Canopy's monitoring is organised around checks: named conditions, each with a current result, reported by sources or determined by Canopy itself.
This spec covers the check-state model β€” targets, sources, results, policy, and the operator controls over them.
How device reports arrive is the status contract (see [STA](../public-server/statuses.md)); how degraded checks aggregate into incidents is the incident spec (see [INC](incidents.md)).

## Targets

Every check is scoped to exactly one target: a server, a server group, or Canopy as a whole.

Server checks come from sources reporting on that server, and from Canopy's own per-server determinations such as source staleness.
Group checks are conditions Canopy determines about a group's control plane, such as backup maintenance health (see [BKJ](../jobs/backup.md)).
Canopy-wide checks are Canopy monitoring its own operation (see [SELF](../private-server/self-alerts.md)).

## Sources

A source is a named reporter of checks, identified by a short string.
Multiple sources may report on the same server, each concerned with part of the system, and each source's reports are independent: a report from one source says nothing about another source's checks.

Two source names are reserved for Canopy itself: `canopy` for conditions Canopy determines on its own (staleness, reachability, backup health, key expiry, self-monitoring), and `manual` for conditions raised by operators.
Reports arriving over the device API cannot use the reserved names.

## Results

A check's result is one of, in decreasing order of urgency:

- **failed** β€” the condition is failing.
- **warning** β€” the condition is degraded but not failing.
- **broken** β€” the check itself could not run; the condition is unconfirmed either way.
- **passed** β€” the condition holds.
- **skipped** β€” the check deliberately did not run.
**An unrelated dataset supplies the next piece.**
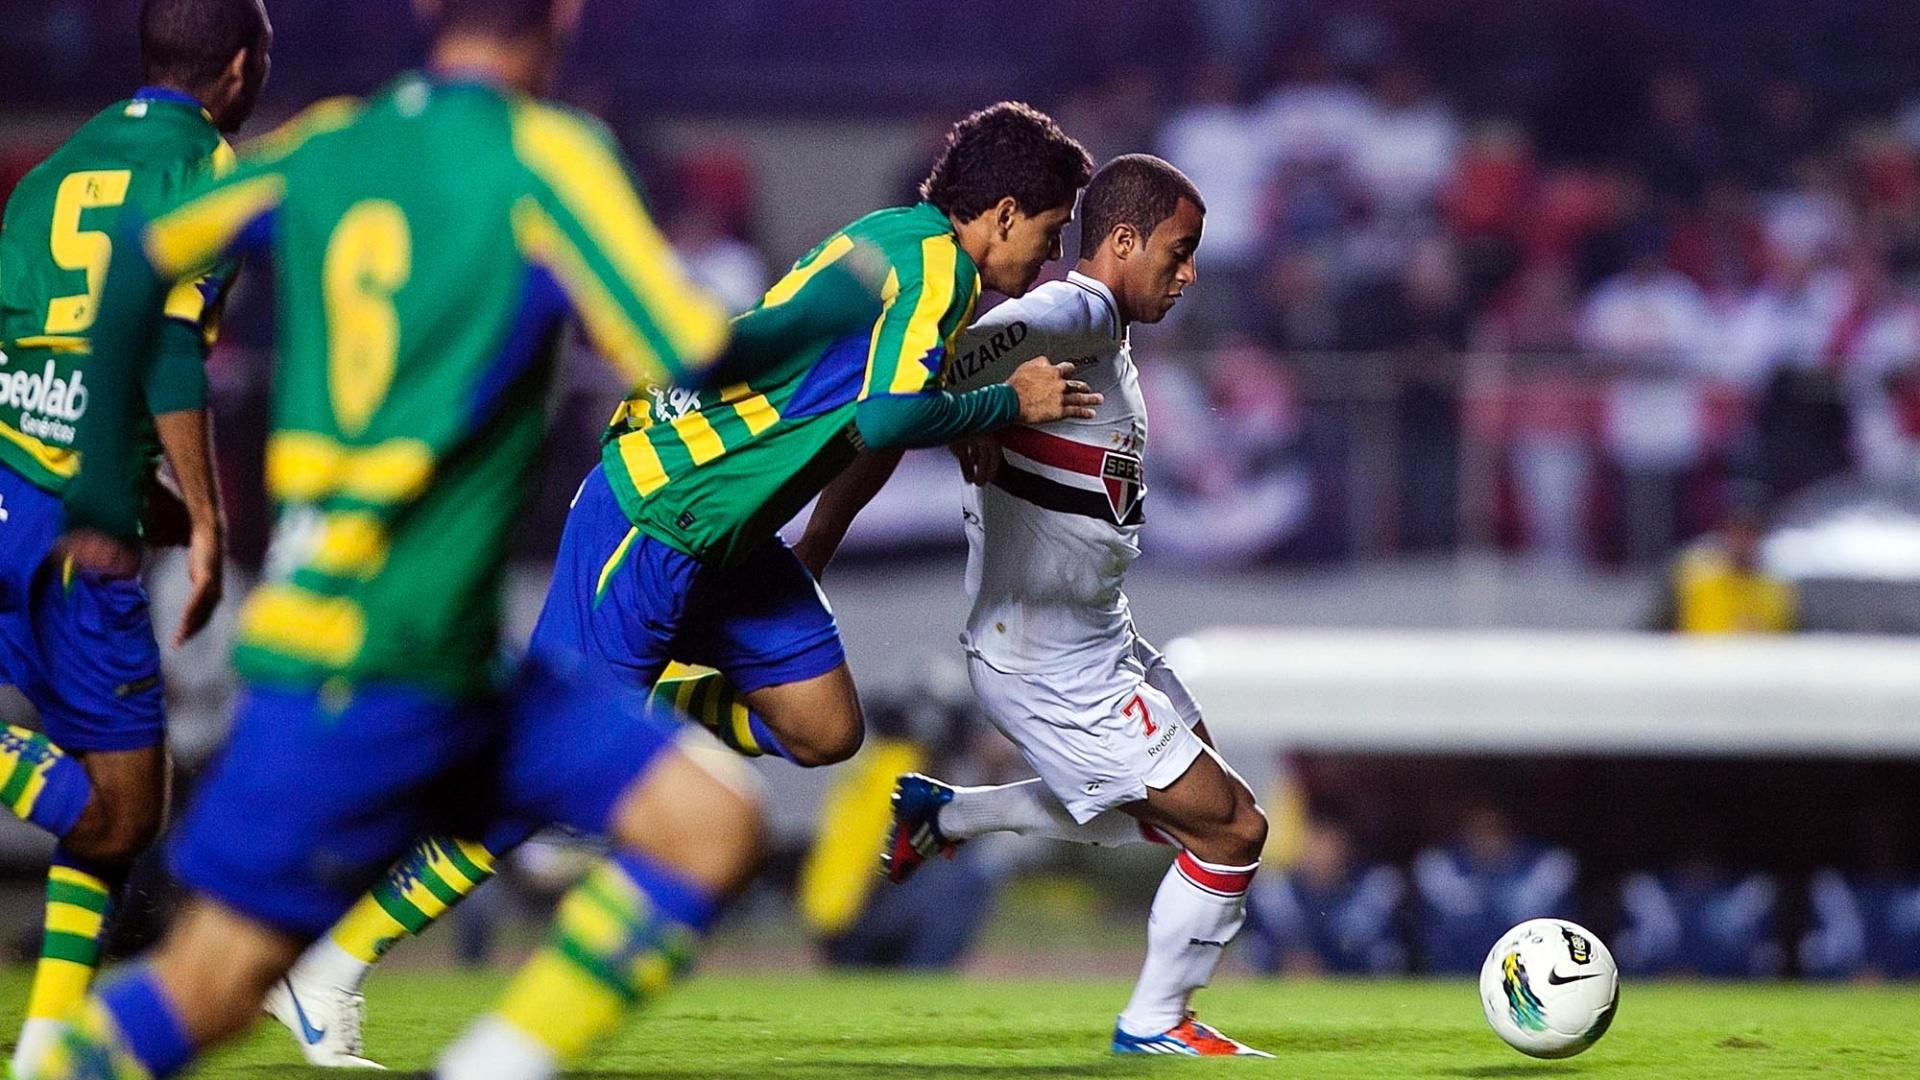 Lucas, meia do São Paulo, conduz a bola cercado por três jogadores do Goiás no primeiro lance da partida realizada no Morumbi
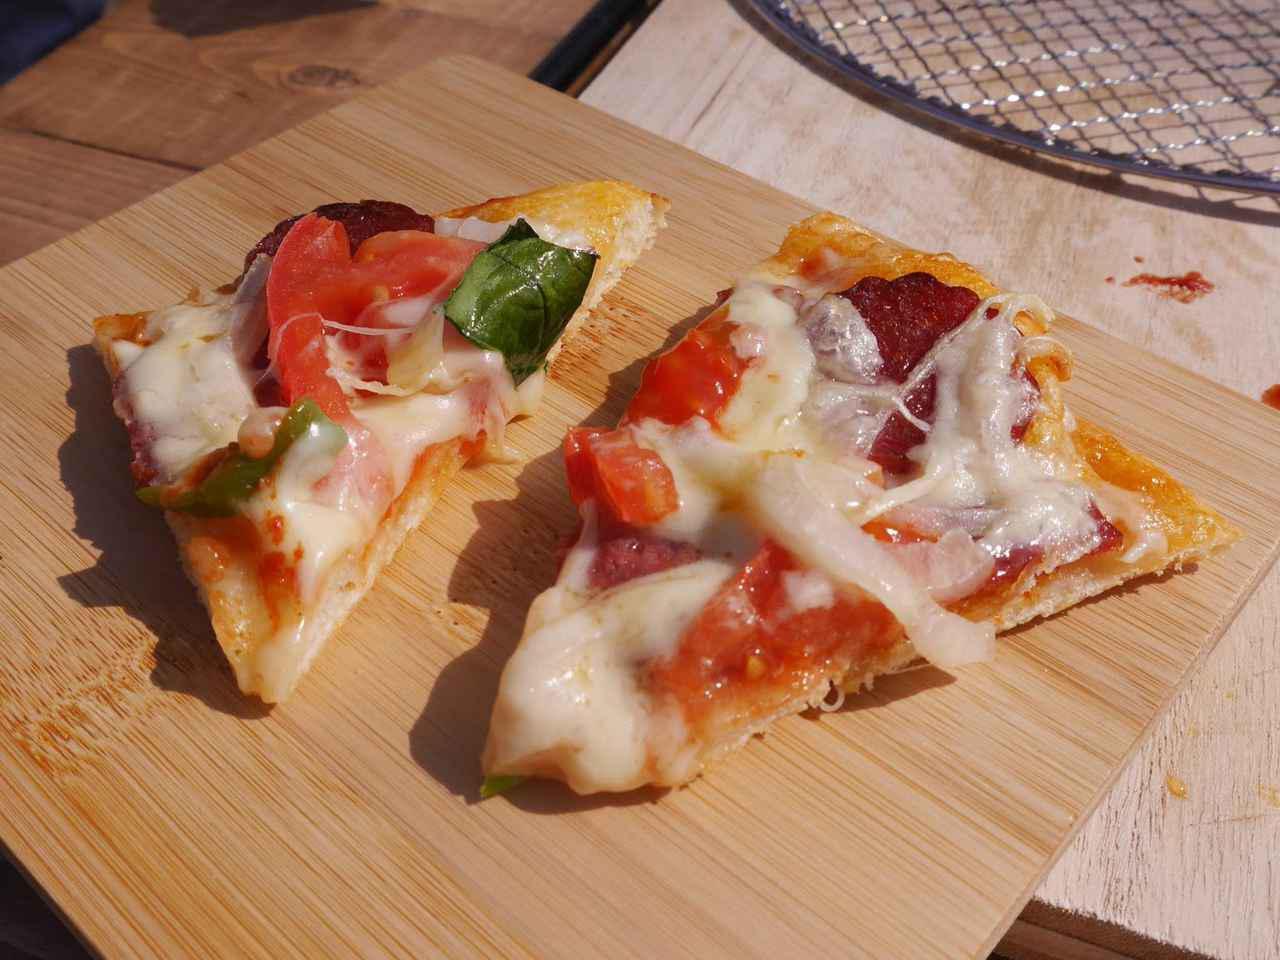 画像: 簡単ピザ生地の作り方! 手作りピザのおすすめトッピング具材やアレンジレシピも紹介 - ハピキャン(HAPPY CAMPER)

Every check has two results: the **observed** result, what the source reported, and the **effective** result, what policy makes of it.
The observed result is always recorded as reported; everything Canopy acts on β€” issues, incidents, health rollups β€” follows the effective result.

## Policy

Policy is a transformation of results: for each check it maps the observed result to the effective one.
There is one vocabulary on both sides β€” policy speaks in results, and what a source is told about its checks is the policy itself, not a projection of it.

Fleet-wide policy lives in a catalog keyed by (source, check).
An entry carries:

- a **ceiling** β€” the maximum effective result, on the urgency ordering: a ceiling of `failed` changes nothing, `warning` grades failures as warnings, `passed` means recorded but never alerting, and `skipped` additionally tells the source not to bother running the check.
- optional **rules** β€” conditional transforms evaluated against the check's own detail, the report's server-wide detail, and the server's effective tags; a rule can move a result in any direction, including upward: a warning graded as a failure, or a pass with a particular detail graded as a warning.
- an **escalates** flag β€” an effective failure of this check notifies immediately, bypassing incident grace (see [INC](incidents.md)).

A check is registered in the catalog with a ceiling of `warning` the first time it is reported; operators adjust from there.
Canopy's own checks register with the policy their condition warrants instead of the default.

### Scoped policy

Beyond the fleet catalog, a transform can be scoped to a target: per server, per group, or Canopy-wide.
Transforms apply in order β€” fleet catalog, then group, then server β€” each acting on the previous effective result, so the most specific scope has the last word.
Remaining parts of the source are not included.